Poor recognition of subtle clinical abnormalities and equivocal ACTH concentrations make early diagnosis of PPID difficult. Progressive clinical findings and corresponding ACTH concentrations in horses transitioning to PPID over time have not been documented. Seven horses with ACTH concentrations equivocal for PPID (utilizing locally derived, seasonally adjusted diagnostic-cut off values (DCOV)) and no clinical signs of PPID were selected. Sequential measurement of basal and thyrotropin-releasing hormone (TRH)-stimulated ACTH concentrations and recording of clinical findings occurred from October 2017 to November 2021 in a prospective case series. In two horses, marked hypertrichosis developed. Although 1/11 basal ACTH concentrations were below DCOV in 2018, subsequently all basal ACTH concentrations in these two horses without treatment were greater than DCOV. One horse was treated with pergolide which normalized basal ACTH concentrations. Four horses developed intermittent, mild hypertrichosis, and one horse never developed hypertrichosis. Basal ACTH concentrations in these five horses were greater than DCOV in 63/133 (47.4%) of testing points. TRH-stimulated ACTH concentrations in these five horses were greater than DCOV in 77/133 (57.9%) of testing points, sometimes markedly increased and greater than the assay upper limit of detection (LoD) of 1250pg/mL. TRH-stimulated ACTH concentrations were most frequently positive in late summer and early autumn, with 24/37 (64.9%) of TRH-stimulated ACTH concentrations greater than the DCOV in February and March. Horses transitioning to PPID can have subtle clinical signs and equivocal ACTH concentrations. However, TRH-stimulated ACTH concentrations can be markedly greater than DCOV, especially in late summer and early autumn (February and March) allowing for identification of subclinical and transitional cases.

Keywords:

endocrine; geriatric; hypertrichosis; immune dysfunction; α-melanocyte stimulating hormone (α-MSH); proopiomelanocortin (POMC) derived peptides; horses; β-endorphin (β-END); thyrotropin-releasing hormone (TRH)

1. Introduction

Pituitary pars intermedia dysfunction (PPID) is a disease of aged horses, affecting 20–25% of horses over the age of 15 years [1,2,3,4,5]. Pituitary pars intermedia dysfunction is caused by loss of dopaminergic inhibition on the melanotropes of the pituitary pars intermedia (PI) due to oxidative-stress and subsequent neurodegeneration of dopaminergic neurons within the hypothalamus [6,7,8]. The loss of dopaminergic inhibition results in hyperplasia, microadenoma or macroadenoma formation of the pars intermedia, and overproduction of POMC derived peptides including ACTH, α-MSH, β-END and corticotropin like intermediate lobe peptide (CLIP) [4,9,10,11,12,13].The presence of clinical signs such as hypertrichosis, lethargy, muscle atrophy, pendulous abdomen, polydipsia/polyuria (PU/PD), hyperhidrosis, anhidrosis, and recurrent infections all raise suspicion of PPID [3,14,15,16,17]. However, clinical signs in horses with early disease can be subtle, such as delayed hair shedding, or non-specific findings including loss of top-line, lethargy, poor performance and infertility can be present [4,5,14]. Subclinical disease can also occur [4,5].

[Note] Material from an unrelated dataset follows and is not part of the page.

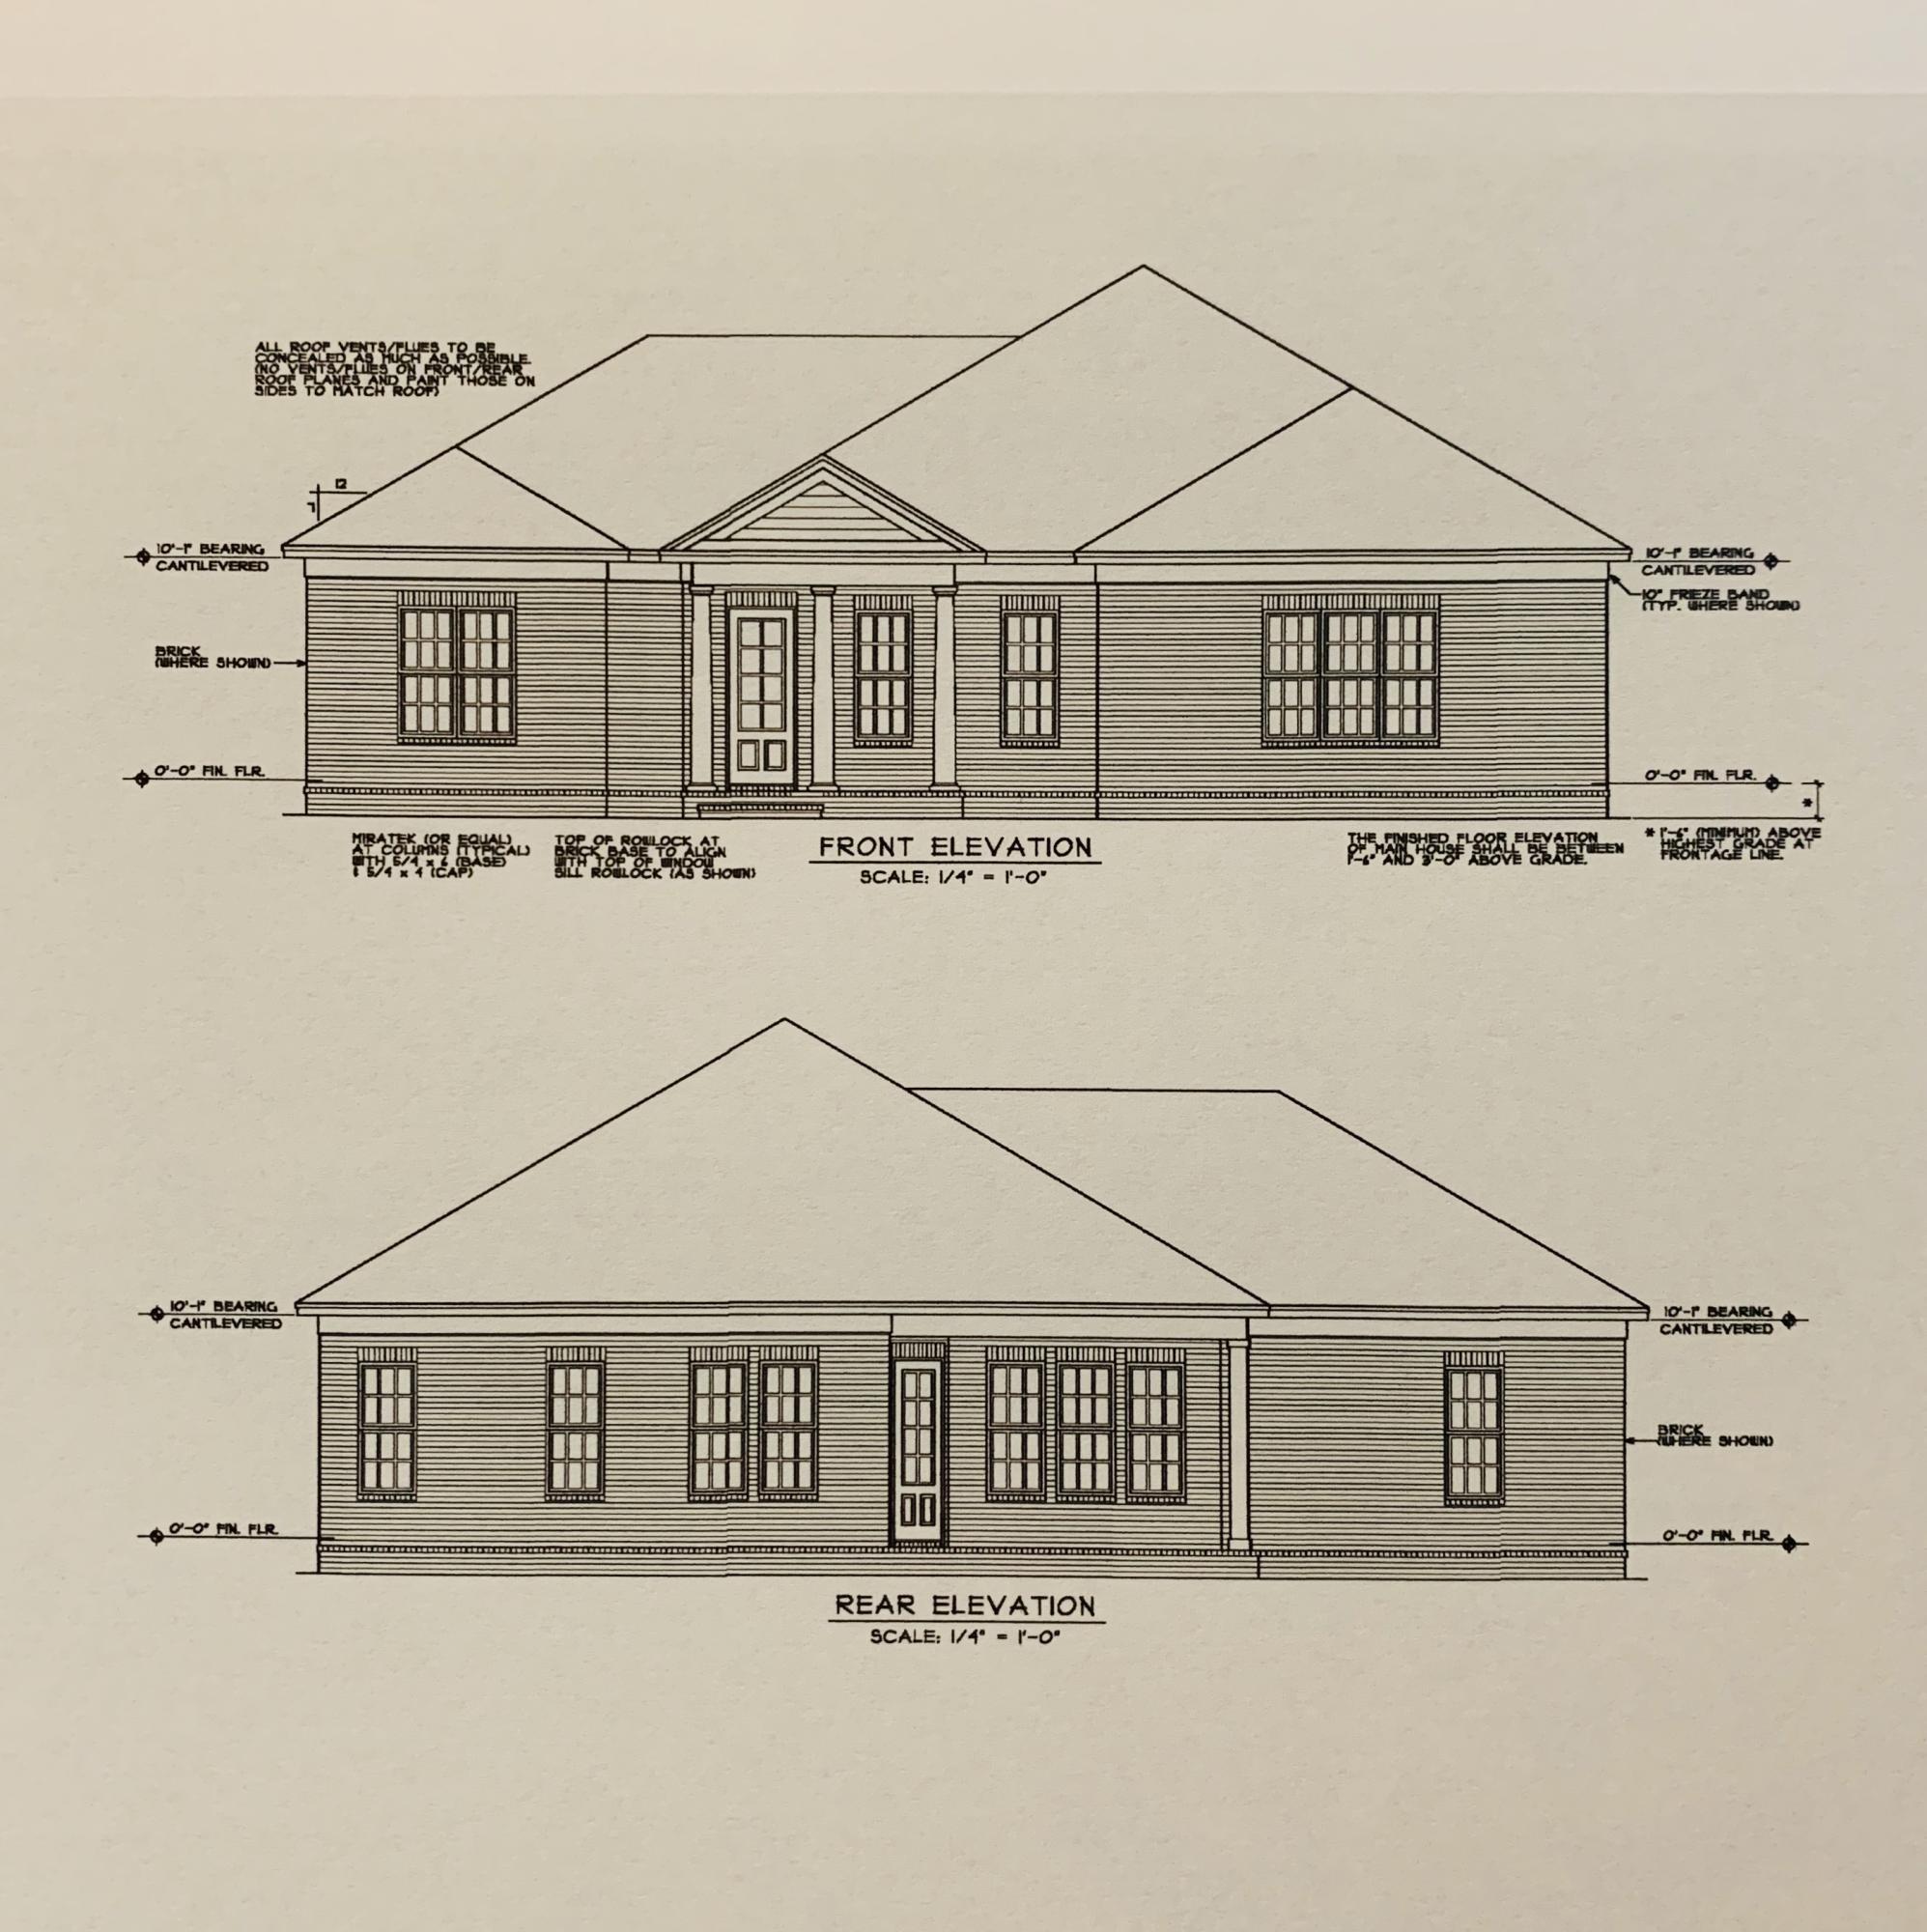 A 4 Bedroom 2 Bedroom Deer Moss Creek Phase 1a Lot 109 Home

A presumptive diagnosis of PPID can be made based on pathognomonic hypertrichosis in aged horses with marked disease [15,18,19,20,21]. Early detection of disease and initiation of treatment is associated with increased short-term survival [14]. Laboratory testing is recommended in cases where PPID is suspected [22], to assess response to treatment and to periodically monitor for disease progression [22,23]. However, currently there is no perfect ante-mortem diagnostic test for the accurate diagnosis of early PPID [24,25]. PPID can have a severe impact on quality and duration of life. The ability to diagnose and begin treatment prior to development of severe clinical signs such as thermoregulatory disturbances, immune dysfunction, severe weight loss and laminitis may be beneficial [5,14,17]. In horses with obvious clinical disease, the current recommendation for diagnosis is to assess the basal plasma concentrations of ACTH utilising seasonally adjusted diagnostic thresholds [22]. For diagnosis in horses with few, mild or early clinical signs, or equivocal basal ACTH concentrations, a TRH-stimulation test should be performed due to increased diagnostic accuracy for the detection of PPID [2,17,20,26]. Exogenous administration if TRH will lead to binding of TRH receptors on the melanotrophs of the pars intermedia and increase secretion of POMC derived peptides [27]. Seasonally adjusted diagnostic thresholds must be used to interpret all results, as basal and TRH-stimulated ACTH follows a circannual rhythm with ACTH concentrations peaking in early autumn [2,23,28,29,30]. Failure to utilise seasonally adjusted diagnostic thresholds can result in false positive, or false negative results [2]. Plasma concentrations of ACTH can be increased with stress, illness, exercise diet, season, breed and age [29,31,32,33,34,35], and interpretation of test results should take these factors into consideration. Other diagnostic techniques for diagnosis of PPID include measurement of endogenous α-MSH concentrations, which is not commercially available [24], and the overnight dexamethasone suppression test. Seasonally adjusted DCOV are yet to be established for this diagnostic test [23,24,28].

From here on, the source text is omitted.